The Extra Mile: ケンタッキークリスマス

I’m not Christian, but the music and Yuletide traditions have a soft spot in my heart of hearts. Christmas has always been my favorite holiday. I grew up outside of New York City, so for my family, heading into Manhattan to see the tree at Rockefeller Center was the best go-to for the holidays. Christmas in America is the consumerism capital. I’ve been drinking the cool-aid since my second grade class trip. But, on this particular Christmas season, I wanted to switch it up and fly to Tokyo, a place I never imagined I’d be for the holidays. This was my second trip to Tokyo in 2019 and I looked at it as a dope opportunity to explore the city further. Jess and I spent the first week of December taxiing around Tokyo, visiting all the “must-see” attractions first. There was a noticeable amount of “Christmas cheer” around Tokyo, and I dug the vibe. Way better than Christmas in Los Angeles.

So, eating KFC food as a Christmas time meal has become a widely practiced custom in Japan. As of 2019, in Japan, Christmas sales of KFC made around Christmas Eve account for nearly five per cent of annual revenue. The reason why? Christmas in Japan had no widespread tradition or cultural popularity, until 1970, when Takeshi Okawara—manager of the first KFC restaurant in Japan—began promoting fried chicken “party barrels” as a Christmas meal. This move was intended to serve as a substitute for the traditional American turkey dinner, which isn’t a popular food in Japan. 

KFC Japan expanded the promotion nationwide in 1974 with its “Kentucky is Christmas” (クリスマスはケンタッキー) and “Kentucky Christmas” (ケンタッキークリスマス) advertising campaign. With that said, I had to grab a Christmas party barrel of chicken with my homies to celebrate Christmas the Japanese way.

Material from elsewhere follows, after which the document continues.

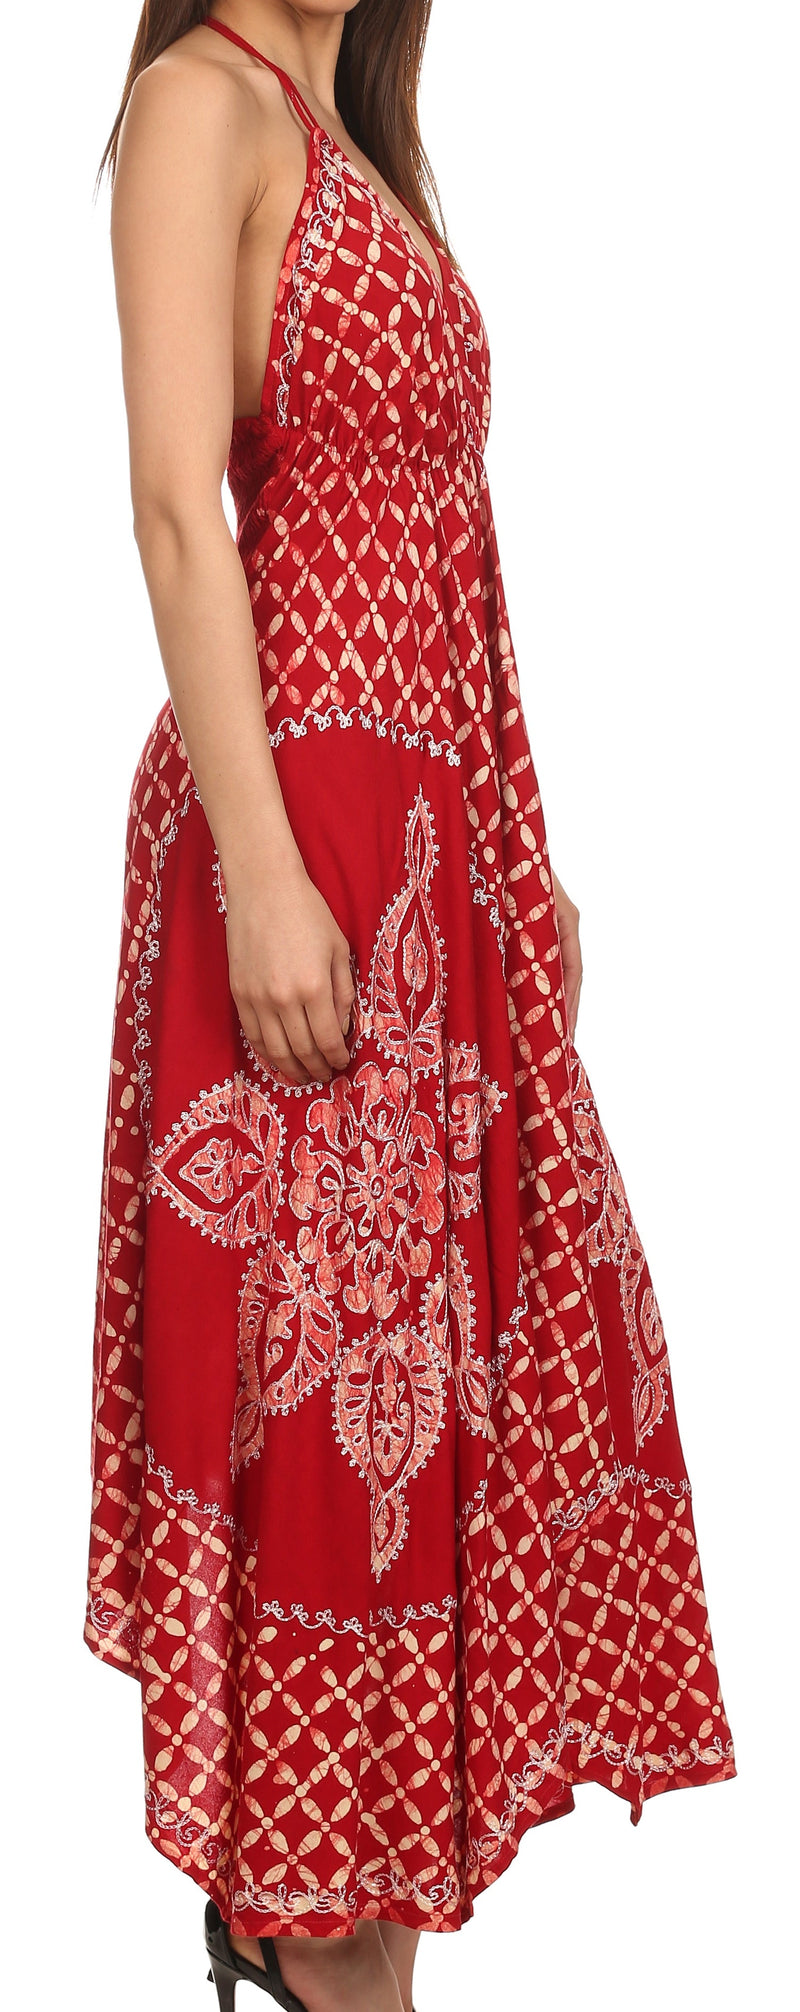 Sakkas Shana Batik Embroidered Handkerchief Hem Adjustable Halter Dress

We grabbed some drinks near Tokyo Opera City and spent the night out with our friends from Buddy Buddy.

I always talk about my morning Joe (or Jodi), it’s been my daily ritual for the last decade. I like to sip coffee the European way. I like that they take their time to finish it. I don’t rush through my morning brew anymore. If it doesn’t come in a ceramic mug – it’s not for me. So I found a chill restaurant not too far from where we were staying in Shibuya. They had great coffee and breakfast. In the pic above you can see they threw a cinnamon stick on top of my “hazernut” latte. That’s how it was spelled on the menu, “hazernut.” I had to say it aloud and think about it.

It was later in the week, Friday to be exact, and my homey Eddie flew in to meet us for the weekend. He had just gone to Indonesia and back to NYC earlier that week, but managed to troop out another 14 hour flight to Japan. So we all packed up and took a train near our airbnb in Shibuya. We arrived at Harajuku station (above) to visit Yoyogi Park and the Meiji Shrine(below).

The Meiji shrine was dedicated to the Emperor Meiji, the first emperor of modern Japan. It was completed in 1920, eight years after he died. The original shrine was destroyed by U.S. firebombing during the Second World War. The current shrine was funded through a public fund raising effort and finished in October 1958.

After spending hours in the park we left for dinner that evening. We decided on some traditional Japanese cuisine (which is NOT Sarku Japan).